Introduction: Standard treatment for diabetic foot ulcers (DFUs) includes off-loading, debridement, moisture balance, management of infection and peripheral arterial disease (PAD) as well as adequate glycemic control. The outcomes so far are unsatisfactory.

Areas covered: Herein, the authors provide an outline of newer pharmacological agents for the management of DFUs and give their expert perspectives on future treatment strategies.

Expert opinion: Evidence-based healthcare calls for high quality evidence from large RCTs before the implementation of new guidelines for the management of DFUs. Empagliflozin and liraglutide can be recommended for glucose control in patients with DFUs and PAD, while intensive lipid lowering therapy with evolocumab when primary cholesterol goals are not met could be offered to patients with DFUs. Further clinical studies are warranted to develop a structured algorithm for the treatment of DFUs that fail to heal after four weeks of current standard of care. Sucrose octasulfate dressings, becaplermin gel, and platelet-rich plasma (PRP) could also be considered as advanced treatment options for the management of hard to heal DFUs.

Article highlights

  • Effective treatment of DFUs demands a multidisciplinary approach that involves current standard treatment strategies such as off-loading, wound debridement, moisture balance of the wound with wound dressings, management of ischemia and PAD and metabolic control.

  • Empagliflozin and liraglutide are recommended as second line agents after metformin for glycemic control in patients with DFUs and PAD, while intensive lipid lowering therapy with evolocumab when primary cholesterol goals are not met should be offered to patients with DFUs.

  • No official recommendations exist for the choice of advanced treatment modalities, but they should be considered if a 50% reduction in ulcer size is not achieved after 4 weeks of standard care.

  • Sucrose octasulfate dressing efficacy has been demonstrated in a high quality RCT and can be considered for the management of neuro-ischemic DFUs without critical limb ischemia.

  • Becaplermin gel is FDA approved for the management of diabetic wounds and can be considered for the treatment of non-infected DFUs.
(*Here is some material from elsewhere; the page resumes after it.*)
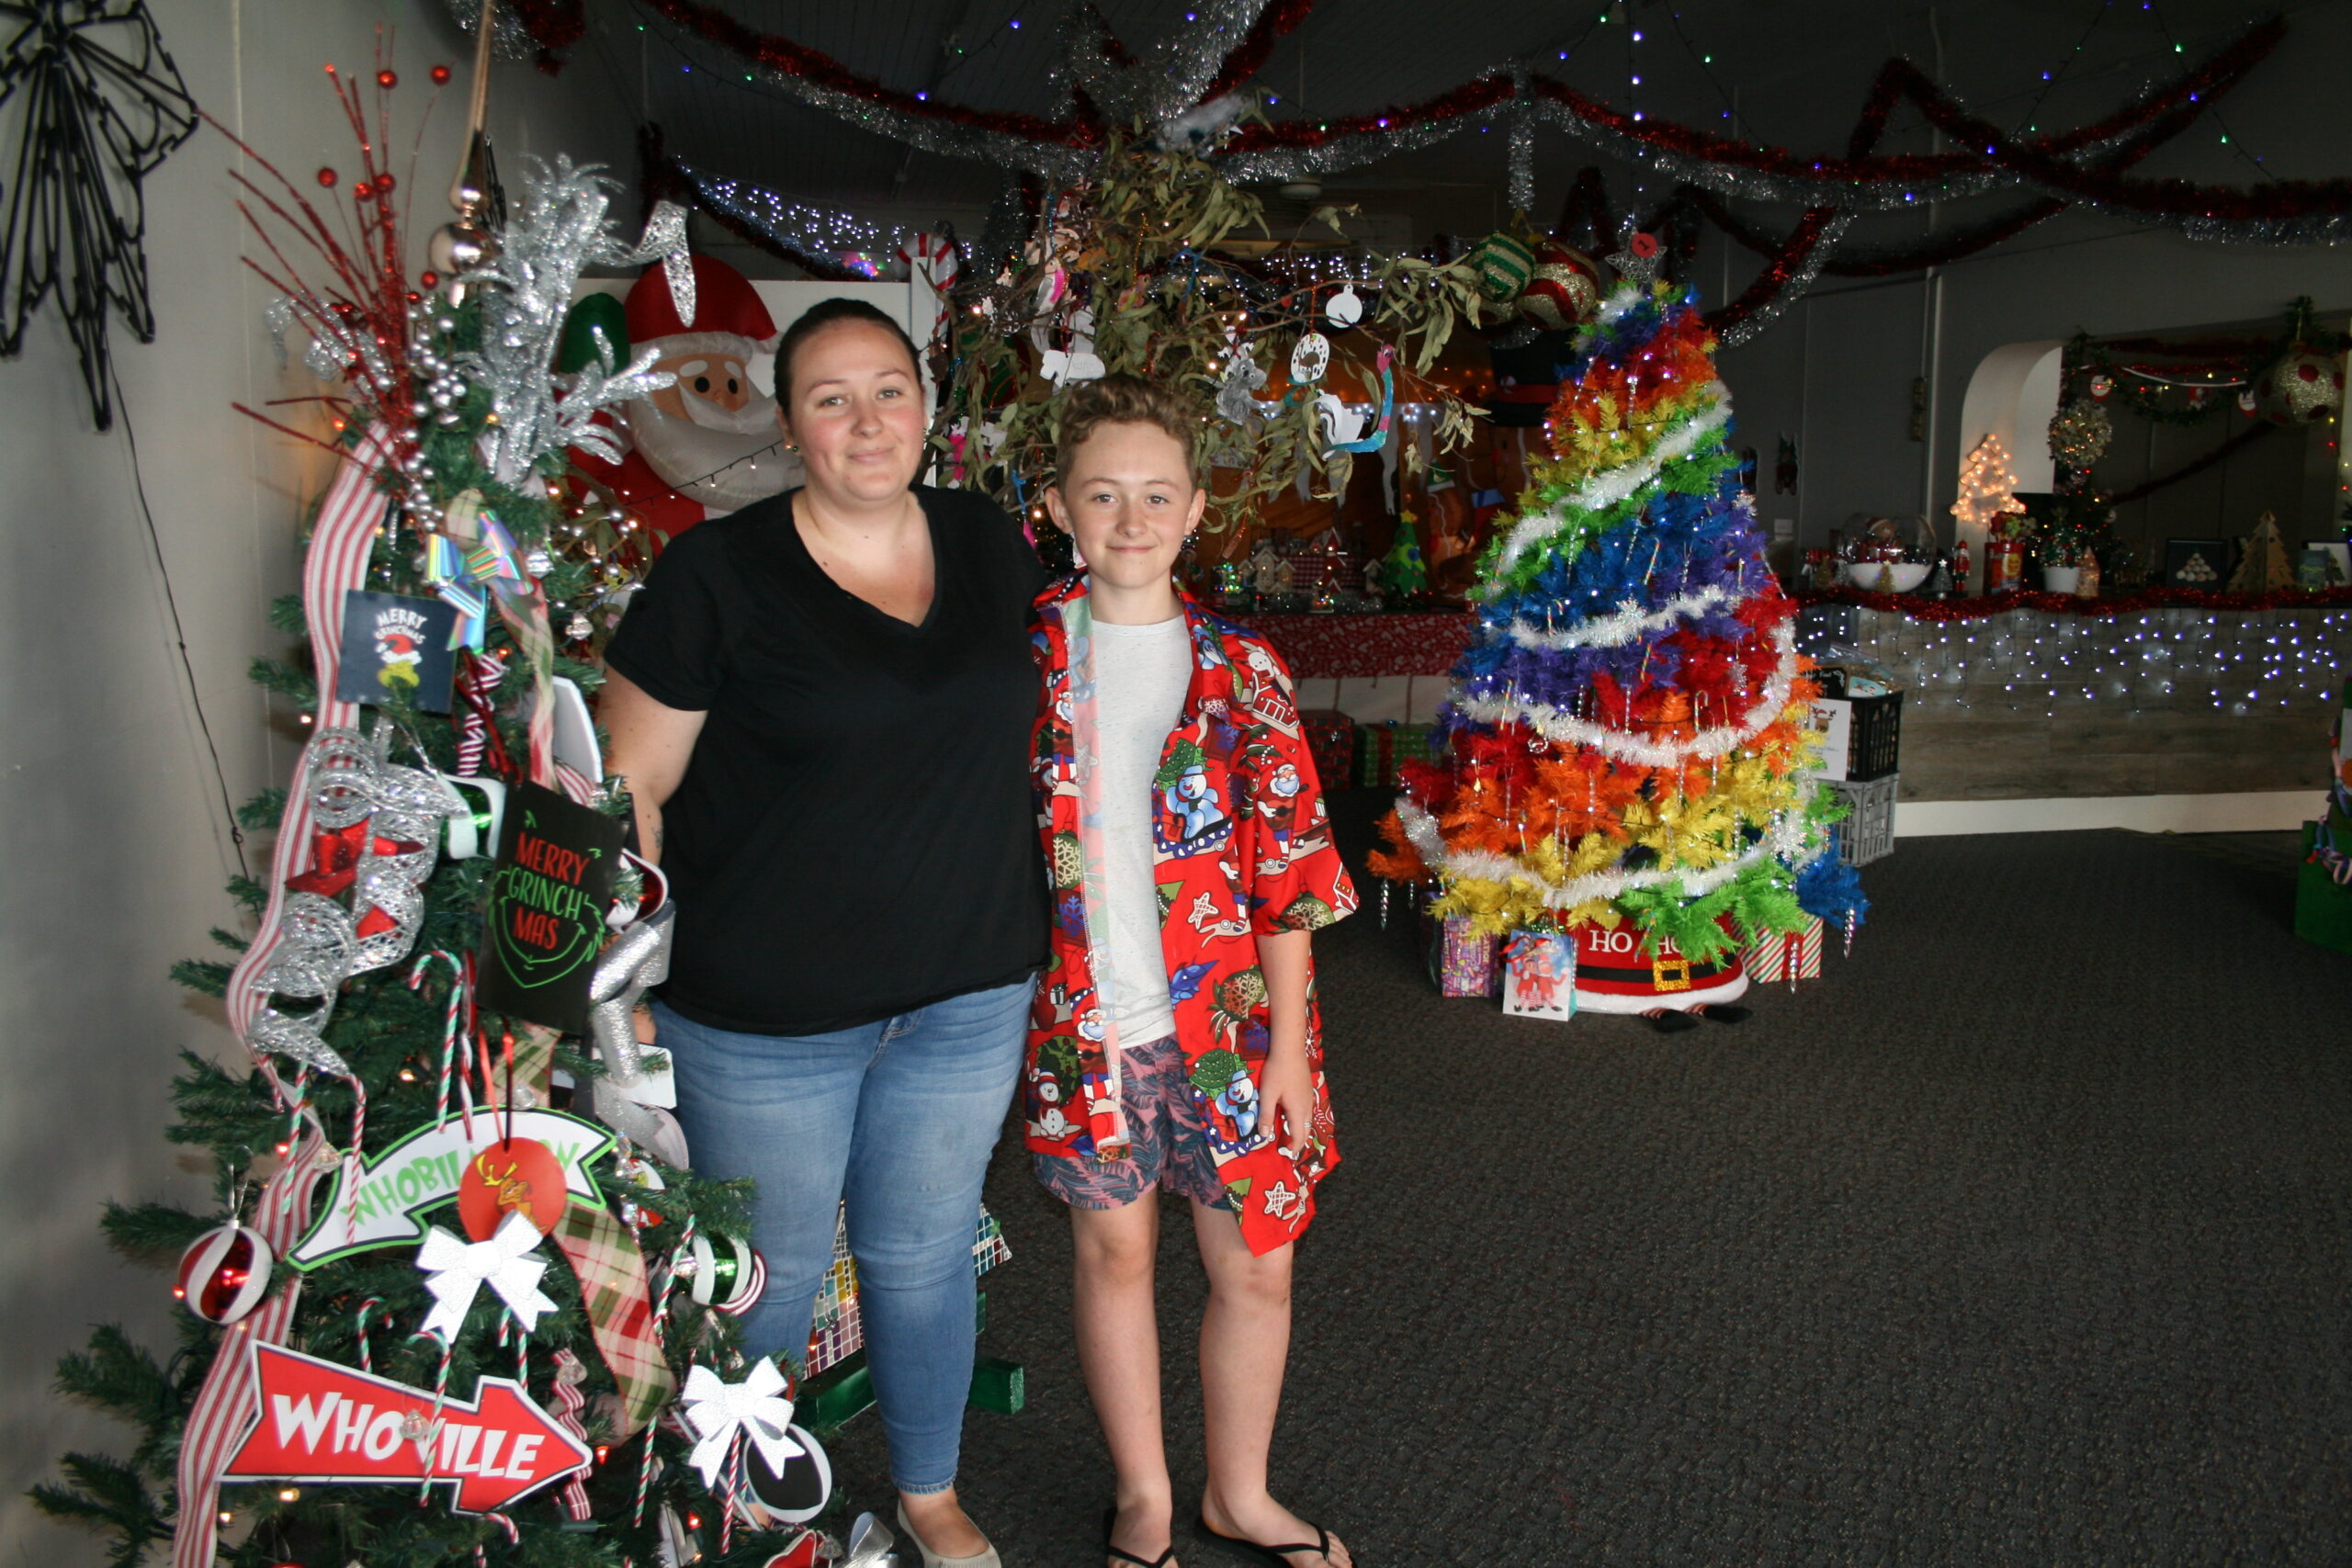 Pop-up ‘Christmas Tree Shop’ proves popular

This box summarizes key points contained in the article.

Declaration of interest

N Tentolouris has served on advisory boards for Merck Sharp and Dohme (MSD), AstraZeneca, Sanofi, Novo Nordisk, Elpen, Eli Lilly and Company, Boehringer Ingelheim, TrigoCare, Servier, and Novartis. He has also received research grants from Eli Lilly and Company, Novo Nordisk, Sanofi and Novartis and has participated on sponsored studies by Eli Lilly and Company, MSD, Novo Nordisk, Novartis, Karabinis Medical, Medical Pharmaquality, Pfizer, Janssen, Cilag, GlaxoSmithKline and Sanofi. N Papanas has served on advisory boards for TrigoCare International, Abbott, AstraZeneca, Elpen, MSD, Novartis, Novo Nordisk, Sanofi, and Takeda. He has also participated on sponsored studies by Eli Lilly, MSD, Novo Nordisk, Novartis, and Sanofi and has received speaker’s honoraria from AstraZeneca, Boehringer Ingelheim, Eli Lilly, Elpen, Galenica, MSD, Mylan, Novartis, Novo Nordisk, Pfizer, Sanofi, Takeda and Vianex. Finally, he has attended conferences sponsored by TrigoCare International, AstraZeneca, Boehringer Ingelheim, Eli Lilly, Novartis, Novo Nordisk, Pfizer, and Sanofi. The authors have no other relevant affiliations or financial involvement with any organization or entity with a financial interest in or financial conflict with the subject matter or materials discussed in the manuscript apart from those disclosed.

Reviewer disclosures

Peer reviewers on this manuscript have no relevant financial or other relationships to disclose.

Additional information

Funding

This manuscript was not funded.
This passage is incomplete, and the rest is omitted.